Meyer listed the group’s priorities for CHS:
- Fire safety related to a busy commercial kitchen in a residential neighborhood
- Limited seating
- No crowding of sidewalk with patio seating
- Fix overflowing dumpsters
- Better solution for delivery trucks
- Limited operating hours and patio and garden hours
Better parking solutions
Jones, who works in the contracting and construction business, said he has known about the zoning for the space since he moved into the neighborhood 31 years ago and a grocery store operated on the corner. He said back when he was making the decision to buy the house neighboring the old grocery, he was concerned about the future of the store and spent an hour down at City Hall talking with staff about the limitations for the space.
When the cafe first opened, Jones said its scale wasn’t a problem for the street. But dinner hours, a more and more crowded sidewalk seating set-up, increased popularity and traffic and, finally, the plans VPC started making for its garden dining area convinced him that something needed to be done.
Jones said he took his concerns up with the cafe in February and was informed that the owners had been advised by a lawyer that their use of the space was legitimate. Jones said he knew better and filed the complaint with DPD in May.
Jones also tells CHS that he didn’t intend to be part of the story. “You’re the first people I’ve talked to,” Jones said. “When I made the complaint, the city said my name would be confidential. ‘We highly recommend you not communicate with the owner and that you allow the city to handle this,’ they said.”
When CHS asked DPD staff to provide names of neighbors who had complained in the situation, we were told the names of complainants were confidential.

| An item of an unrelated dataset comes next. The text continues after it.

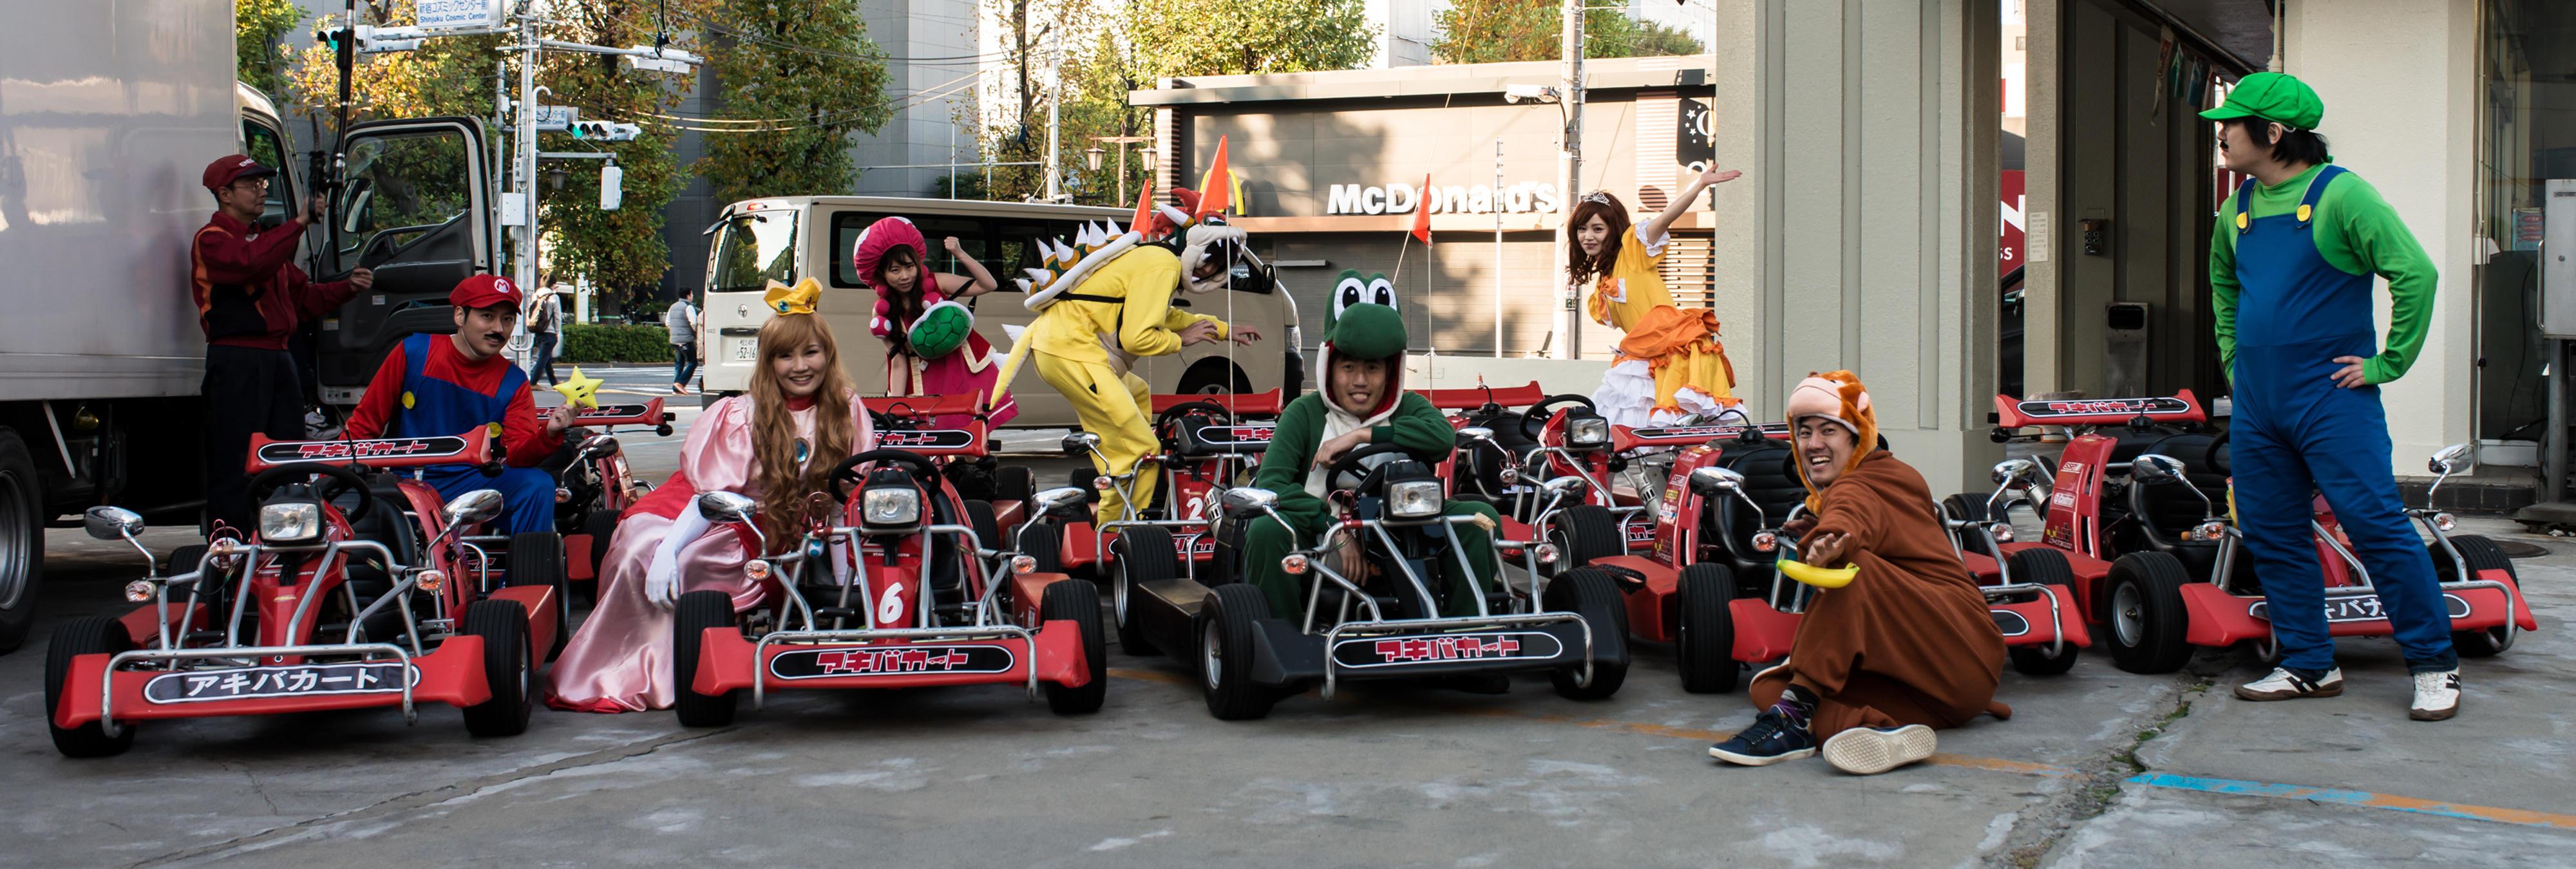 Si vas a Tokio ya puedes competir en un 'Mario Kart' humano por la ciudad

Jones’ name getting mixed into this situation is only part of the communication problems that have also been in play. When Volunteer Park Cafe sent out information about their patio and plans for a garden and chicken coops to the media, Jones and Meyer say they neglected to talk to neighbors about the project.
“We’re confused by their inability to simply talk with neighbors,” Meyer said.
While Meyer didn’t rule out meeting with the cafe’s owners, nothing is planned and the group is focused on the change of use application and public process that will follow. Meyer said he feels the process will be his group’s opportunity to lay out their concerns and put conditions on how Volunteer Park Cafe operates on the street.
“A good public process is important if the cafe owners have no interest in actually working with the neighbors,” Meyer said.
Jones is thinking about his home on Capitol Hill.
“Restaurants come and go. We don’t know who will be the next tenant,” Jones said. “The neighbors are looking more in terms of long term.”
“I plan on being in this house forever,” Jones said. “Chances are, I’ll probably be in the neighborhood a lot longer than they will.”